Lots of people have killed the pick, and I get it, it's not immediate help on the field. But all of you overlook the fact that it's really hard to find and develop a good QB. Lots of teams try every year with mixed results. The Packers hit on Rodgers (this board would implode if we spent a 1st on a QB who sat for 3 or 4 years), missed on Brohm. The Ravens missed on Boller, hit on Flacco. The 49ers eventually got something out of Alex Smith but clearly regret that pick, and got something out of Kaep. The Seahawks signed Matt Flynn to a large contract, then got lucky with Russell Wilson. Ditto the Eagles and Mike Vick and Nick Foles. And these are some of the better organizations in the NFL.
Look at the dregs, the Jaguars and Browns and Bills who search for over a decade for anything resembling a competent QB. Talk to the Dolphins, who haven't found anything close to Marino since he retired. The Broncos never came close to finding another Elway in the draft, relying on free agency to fill the void in a once-in-a-lifetime situation.
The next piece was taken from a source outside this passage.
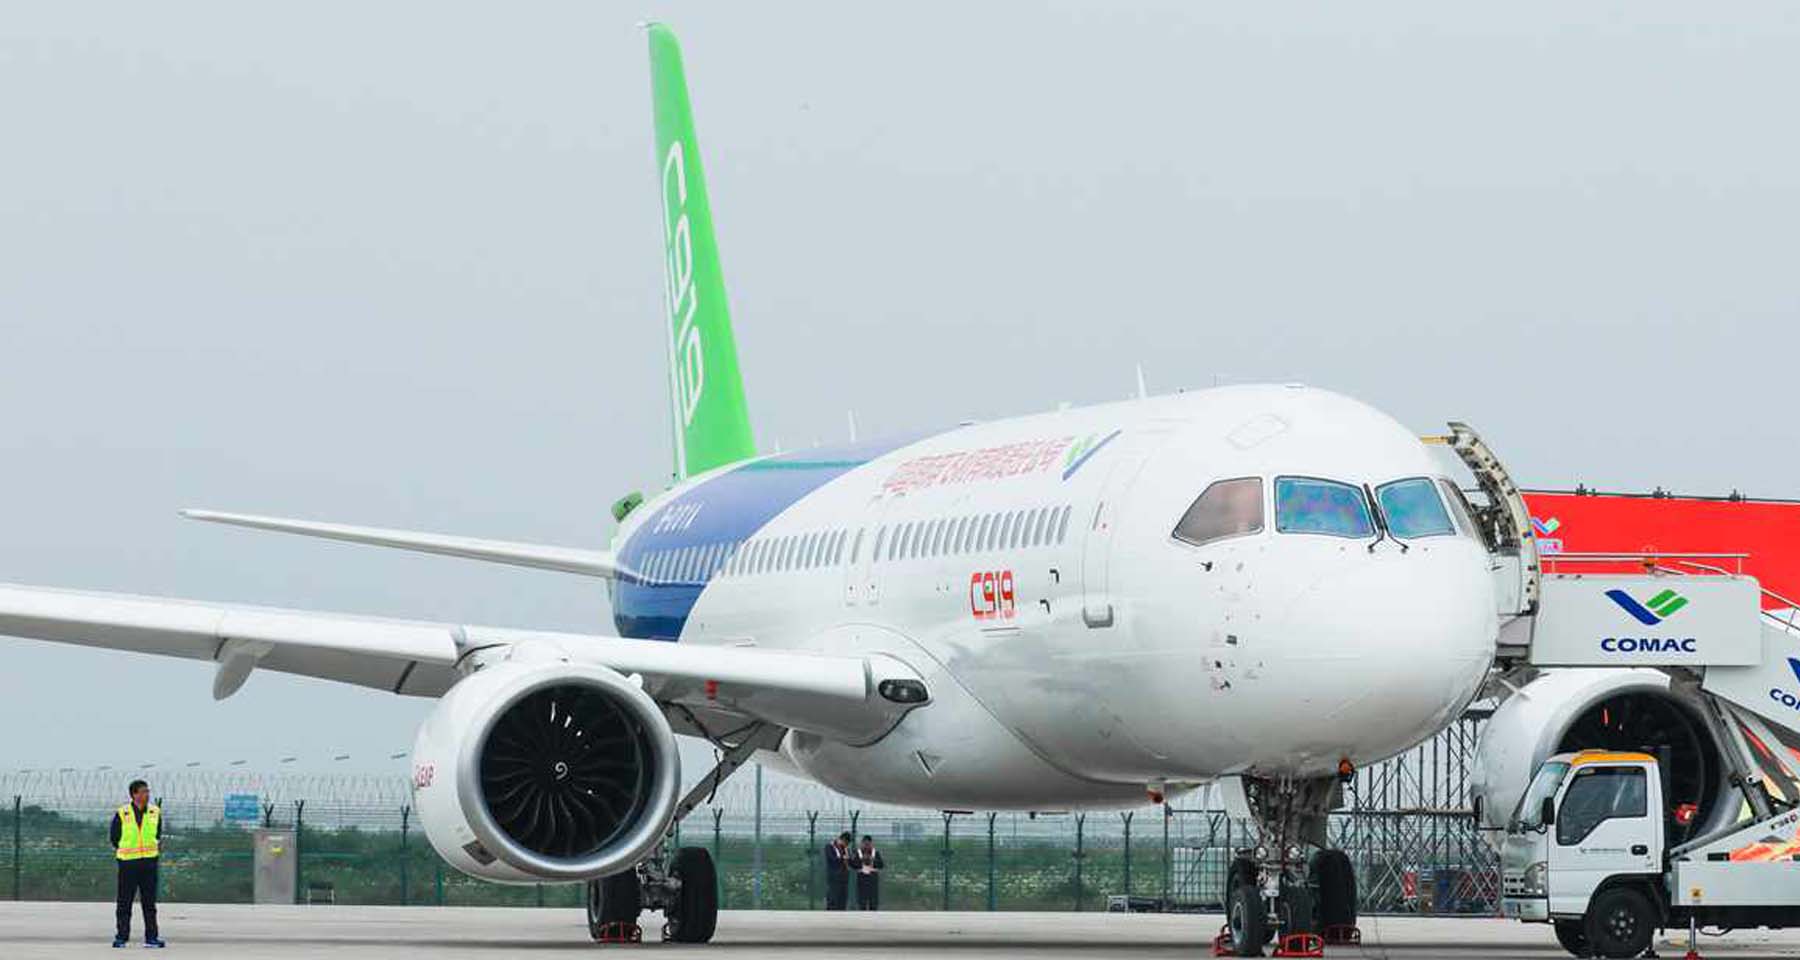 Çin'in Airbus ve Boeing'e rakip yolcu uçağı hakkında tüm detaylar

It's not like we just wait until Brady retires, then order another one from eBay. Good QBs are not easy to find, especially at the back of the draft like we usually are. Sometimes you're #1 and you get an Andrew Luck. But sometimes you're #1 and you get David Carr or Jamarcus Russell, or nobody deserving of a #1 and you end up hoping to trade down to get someone like Blake Bortles or Johnny Football.
I don't know why so many people think it's going to be easy to find a Pro Bowl QB.